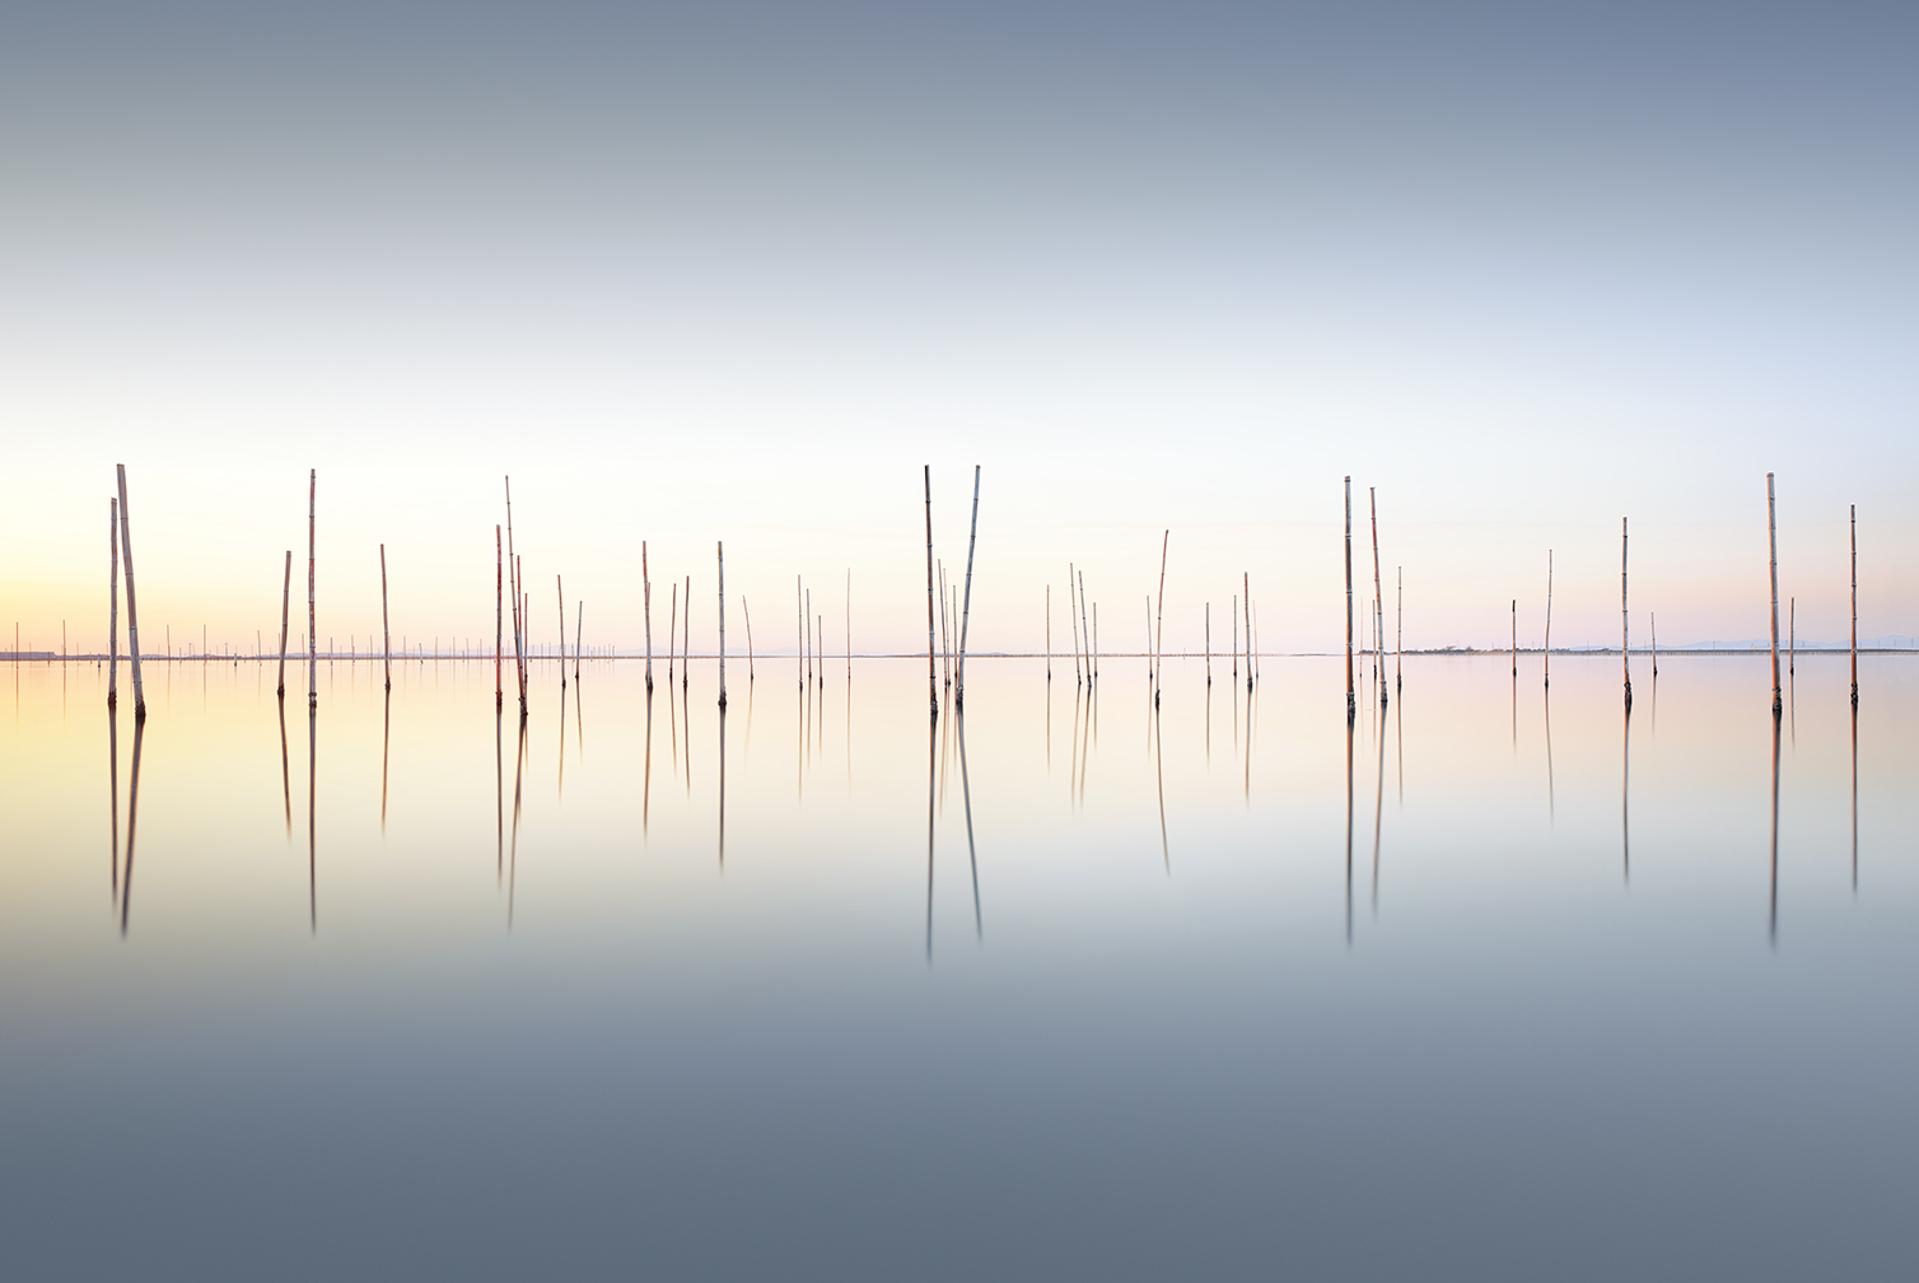 Last Light by Michael Levin
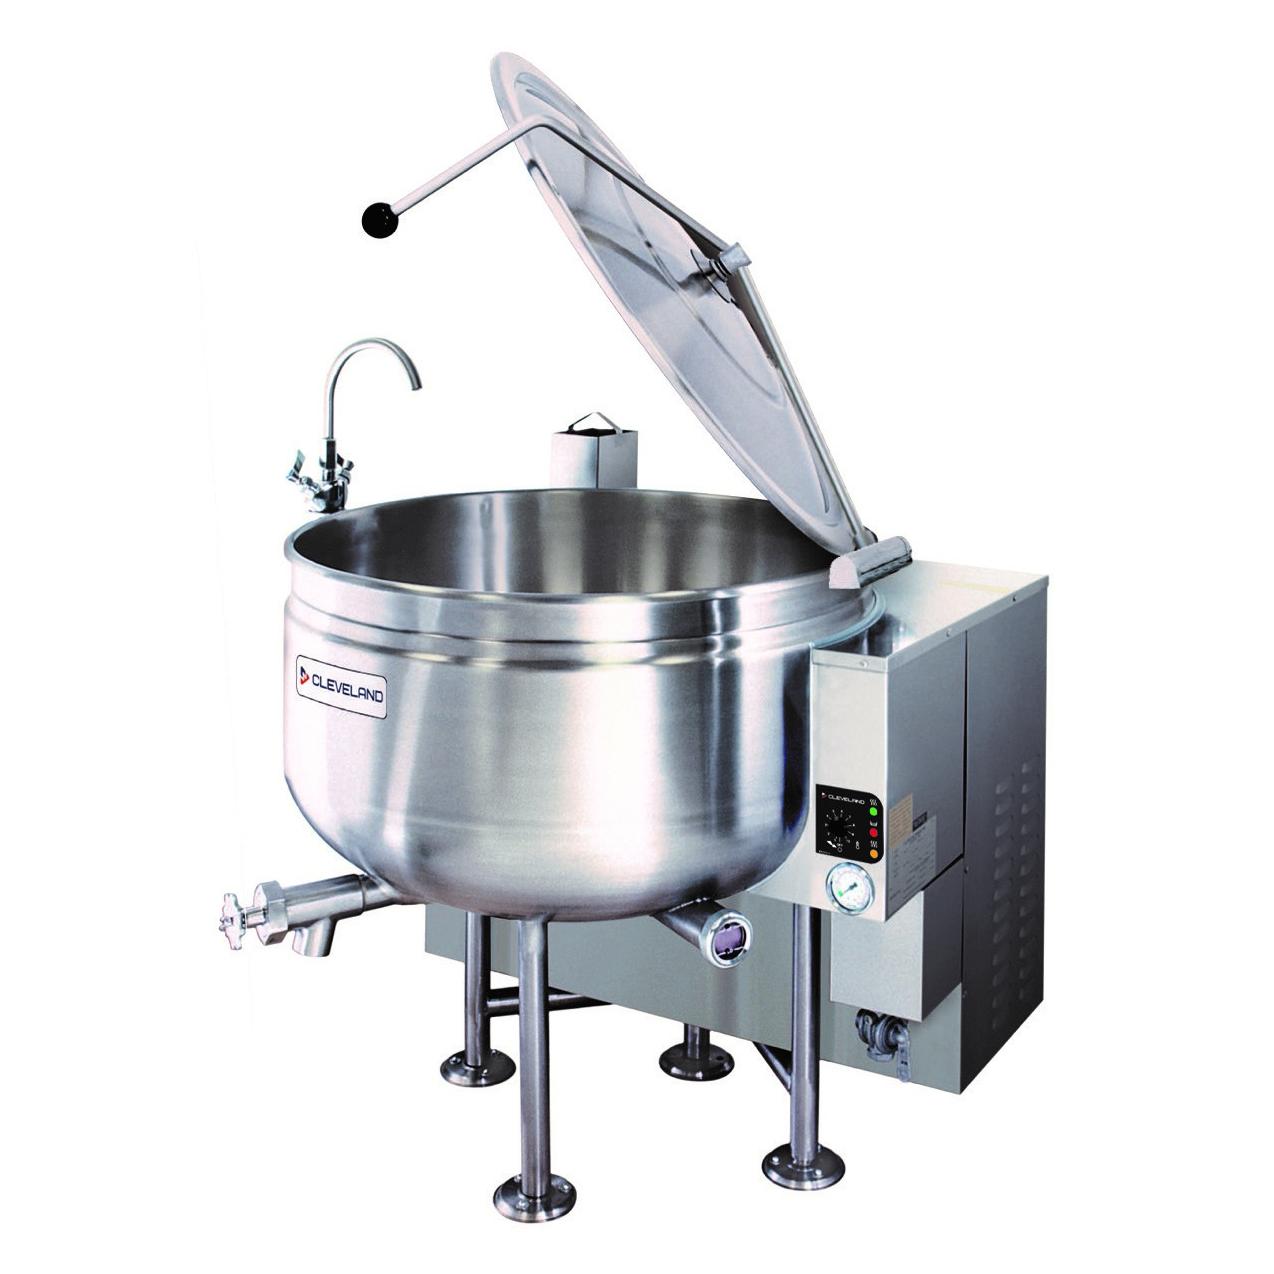 Cleveland Range KGL40SH kettle, gas, stationary
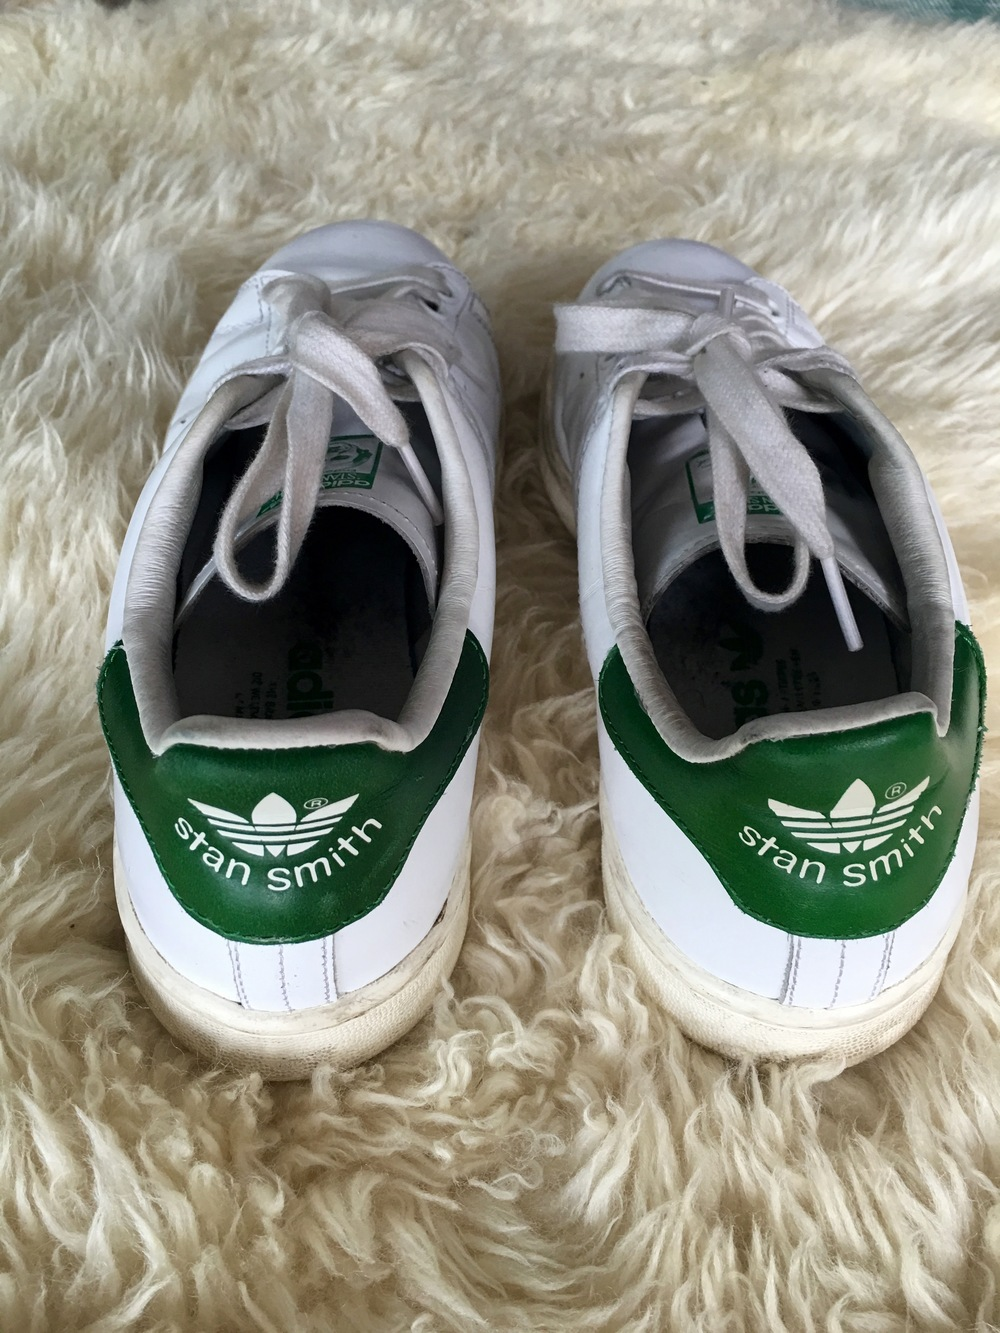 My beloved Adidas...
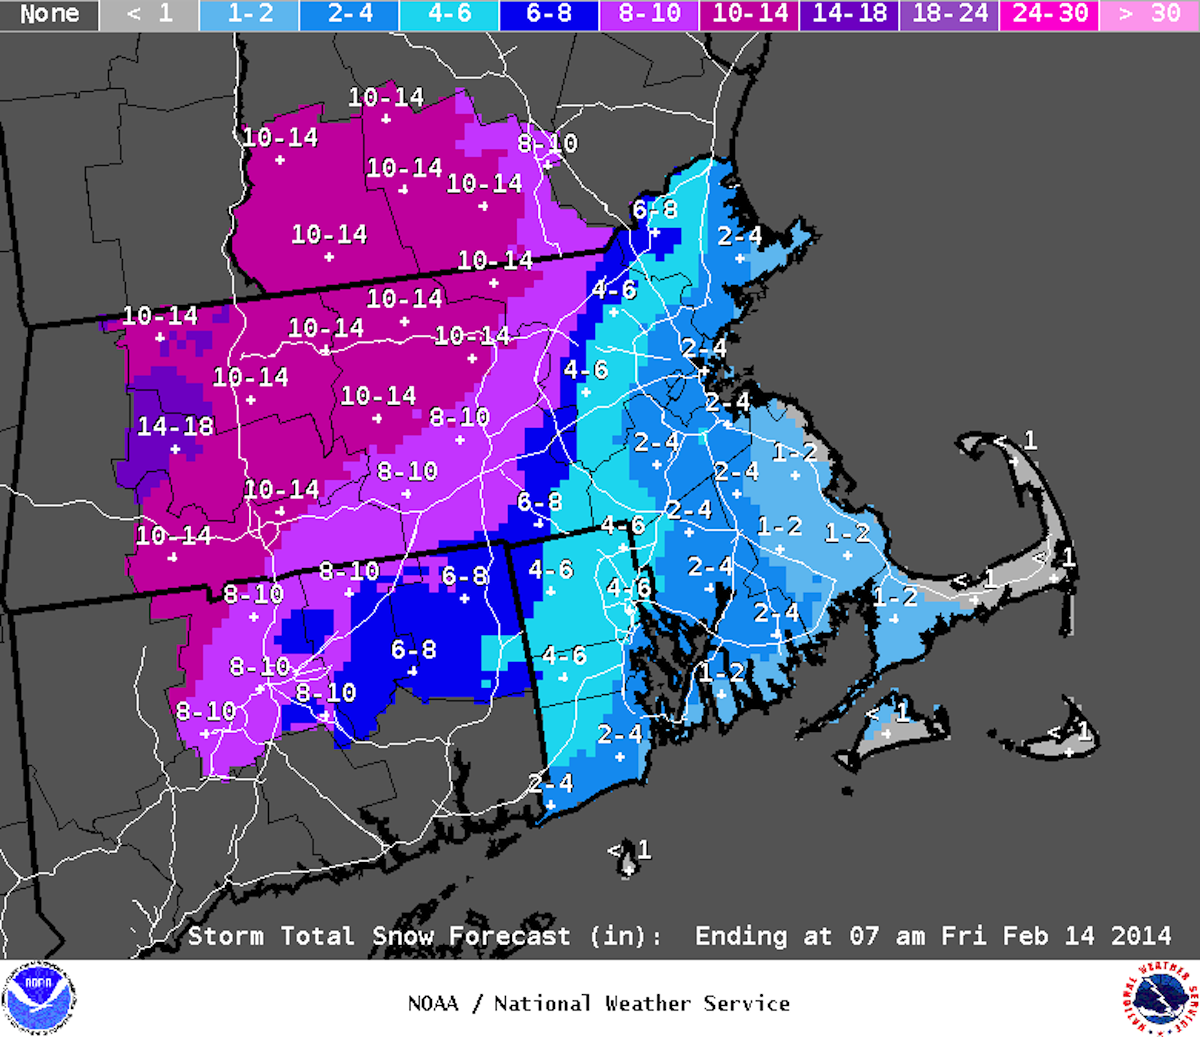 Image via National Weather Service

++++++++

▶ Work task
Any picture in the material is to be dropped; the rest is repeated exactly.

▶ Reply to the exercise
 Last Light by Michael Levin
 Cleveland Range KGL40SH kettle, gas, stationary
 My beloved Adidas...
 Image via National Weather Service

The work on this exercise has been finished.